Les dissensions qui ont opposé les différentes communautés libanaises durant la guerre civile n’ont jamais permis le consensus historique. Malgré les accords de Taëf qui, au début des années 1990, ont imposé la paix entre les confessions, il n’existe pas encore d’histoire unifiée au-delà de 1945. Le rapport à la mémoire est encore très problématique, et les témoignages de la guerre souvent contradictoires. Parler de la guerre civile au Liban amène ainsi à soulever le problème de sa dénomination : les termes varient à l’envi, tant dans l’échelle attribuée (« événements », « guerres », « rounds ») que dans la responsabilité assumée dans le conflit (« la guerre des autres », « la guerre de tous contre tous »). La difficulté manifeste à nommer la période 1975-1990 ne fait que traduire une incapacité à cerner tous les aspects d’une guerre qui, en quinze ans, a revêtu des formes très différentes.

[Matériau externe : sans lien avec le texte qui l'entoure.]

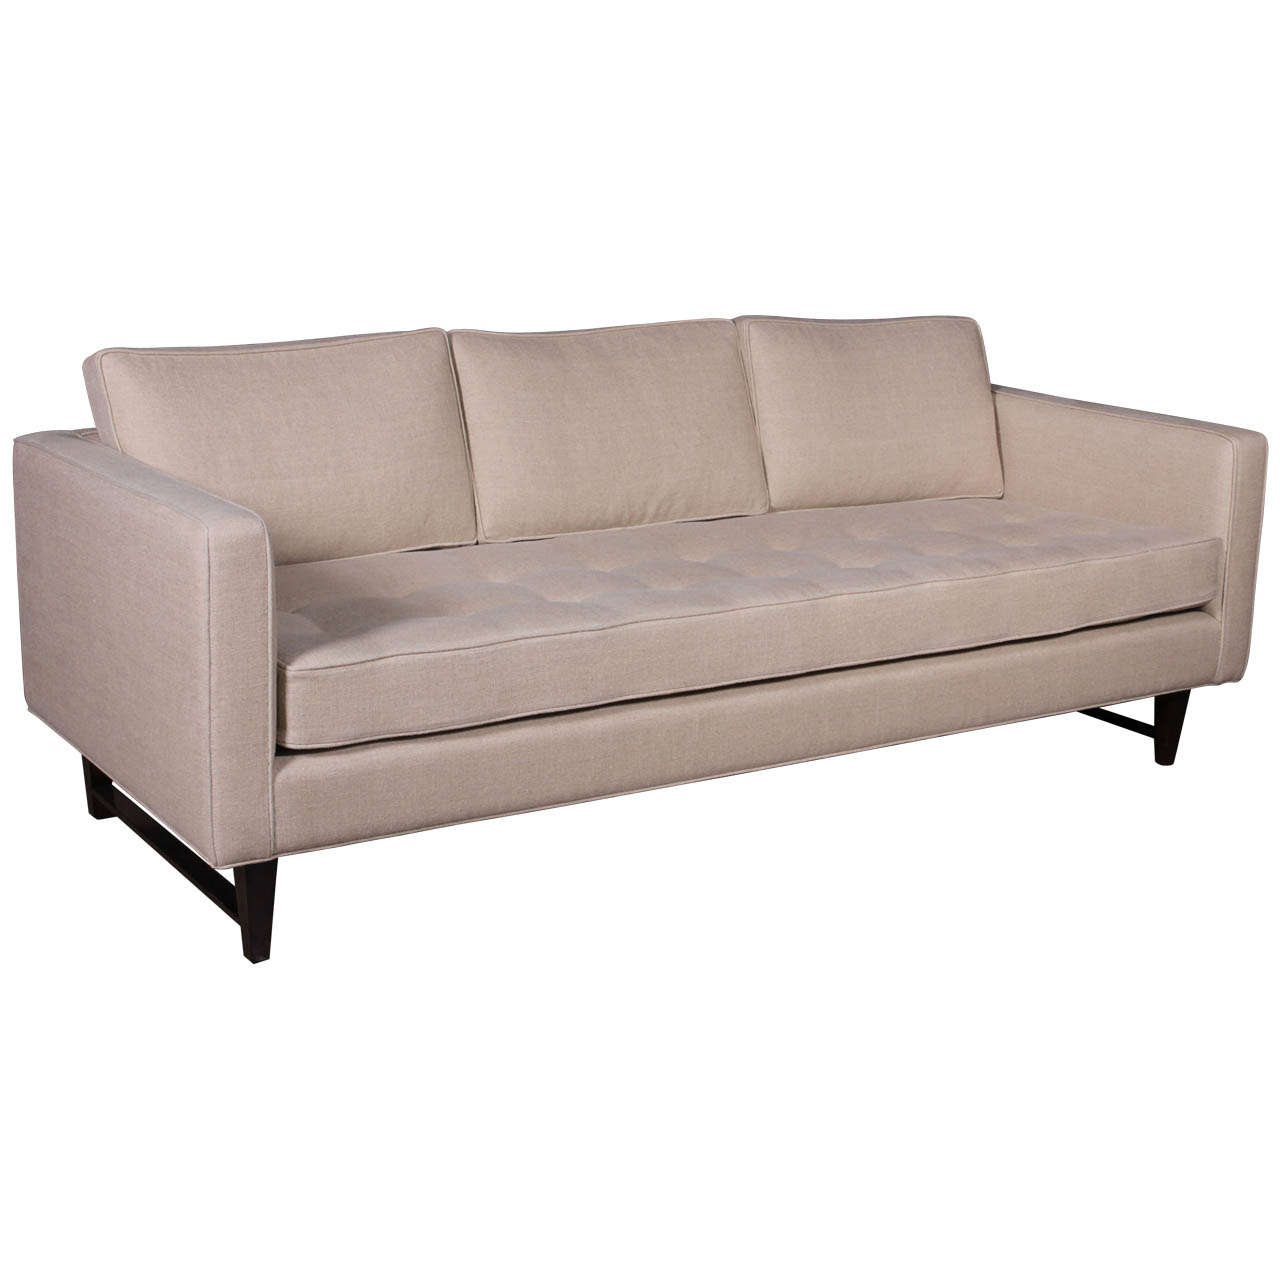 3 seat sofa with walnut frame and button tufted seat

Face à une telle impasse, que peut le cinéma ? S’intéresser au travail de Jocelyne Saab, qui à travers reportages, essais documentaires ou films de fiction, a couvert les quinze années de la guerre civile libanaise, permet de questionner la pertinence de l’analyse filmique pour une écriture de la « mémoire historique ». Sa large filmographie propose une poétique historique du désastre, vécu de l’intérieur par une cinéaste armée d’un solide bagage politique sur les enjeux qui sous-tendent les conflits. Suivre son parcours permet désormais, avec le recul dont nous bénéficions aujourd’hui, de nous aider à penser la complexité de ces séries de conflits qui marquent encore profondément un peuple libanais en mal de mémoire[33] [33] La plupart de ses films sont désormais disponibles en VOD sur la plateforme Viméo. .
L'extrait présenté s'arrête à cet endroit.